#### EXERCISE BRIEF:
Look for the word "Report" in the records, and copy each line where it appears.

·····

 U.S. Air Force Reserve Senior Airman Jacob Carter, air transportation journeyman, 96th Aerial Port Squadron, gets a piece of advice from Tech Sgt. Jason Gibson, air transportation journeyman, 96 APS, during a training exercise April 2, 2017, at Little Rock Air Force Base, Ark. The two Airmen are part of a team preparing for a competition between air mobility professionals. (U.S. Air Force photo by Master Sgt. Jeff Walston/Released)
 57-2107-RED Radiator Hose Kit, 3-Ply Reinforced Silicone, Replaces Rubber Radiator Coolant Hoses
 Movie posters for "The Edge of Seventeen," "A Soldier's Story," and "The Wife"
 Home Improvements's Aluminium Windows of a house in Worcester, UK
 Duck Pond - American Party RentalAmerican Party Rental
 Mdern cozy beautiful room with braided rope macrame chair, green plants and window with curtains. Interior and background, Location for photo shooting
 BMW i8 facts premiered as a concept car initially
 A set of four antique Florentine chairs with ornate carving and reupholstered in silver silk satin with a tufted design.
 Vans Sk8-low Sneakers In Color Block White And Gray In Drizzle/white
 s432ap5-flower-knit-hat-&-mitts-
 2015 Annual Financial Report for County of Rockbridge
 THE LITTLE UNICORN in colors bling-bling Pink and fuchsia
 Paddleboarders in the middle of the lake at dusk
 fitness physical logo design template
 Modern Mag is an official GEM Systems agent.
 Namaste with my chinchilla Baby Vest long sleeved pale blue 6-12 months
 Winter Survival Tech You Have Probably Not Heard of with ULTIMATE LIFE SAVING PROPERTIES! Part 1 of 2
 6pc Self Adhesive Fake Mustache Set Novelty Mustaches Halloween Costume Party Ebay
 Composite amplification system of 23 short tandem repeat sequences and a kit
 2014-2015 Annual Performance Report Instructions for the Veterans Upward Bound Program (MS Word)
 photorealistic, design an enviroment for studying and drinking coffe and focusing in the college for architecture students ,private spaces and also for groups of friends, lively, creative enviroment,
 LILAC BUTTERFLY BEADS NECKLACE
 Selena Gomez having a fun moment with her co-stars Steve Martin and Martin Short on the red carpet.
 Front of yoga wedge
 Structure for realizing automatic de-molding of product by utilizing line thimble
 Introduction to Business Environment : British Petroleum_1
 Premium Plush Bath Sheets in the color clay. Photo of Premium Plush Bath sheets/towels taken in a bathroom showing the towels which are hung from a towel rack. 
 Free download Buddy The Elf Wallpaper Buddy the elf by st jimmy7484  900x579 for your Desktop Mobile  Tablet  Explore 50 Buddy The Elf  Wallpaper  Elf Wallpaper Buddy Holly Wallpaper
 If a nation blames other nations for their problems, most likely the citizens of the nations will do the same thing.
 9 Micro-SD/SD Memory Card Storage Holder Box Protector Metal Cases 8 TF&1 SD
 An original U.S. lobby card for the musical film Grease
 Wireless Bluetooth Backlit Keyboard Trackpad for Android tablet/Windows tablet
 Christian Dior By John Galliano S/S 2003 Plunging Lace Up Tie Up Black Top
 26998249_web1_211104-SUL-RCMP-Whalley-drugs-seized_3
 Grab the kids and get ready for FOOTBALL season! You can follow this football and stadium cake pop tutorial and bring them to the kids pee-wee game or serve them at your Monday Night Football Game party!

·····

#### REPLY TO THE TASK:
 2015 Annual Financial Report for County of Rockbridge
 2014-2015 Annual Performance Report Instructions for the Veterans Upward Bound Program (MS Word)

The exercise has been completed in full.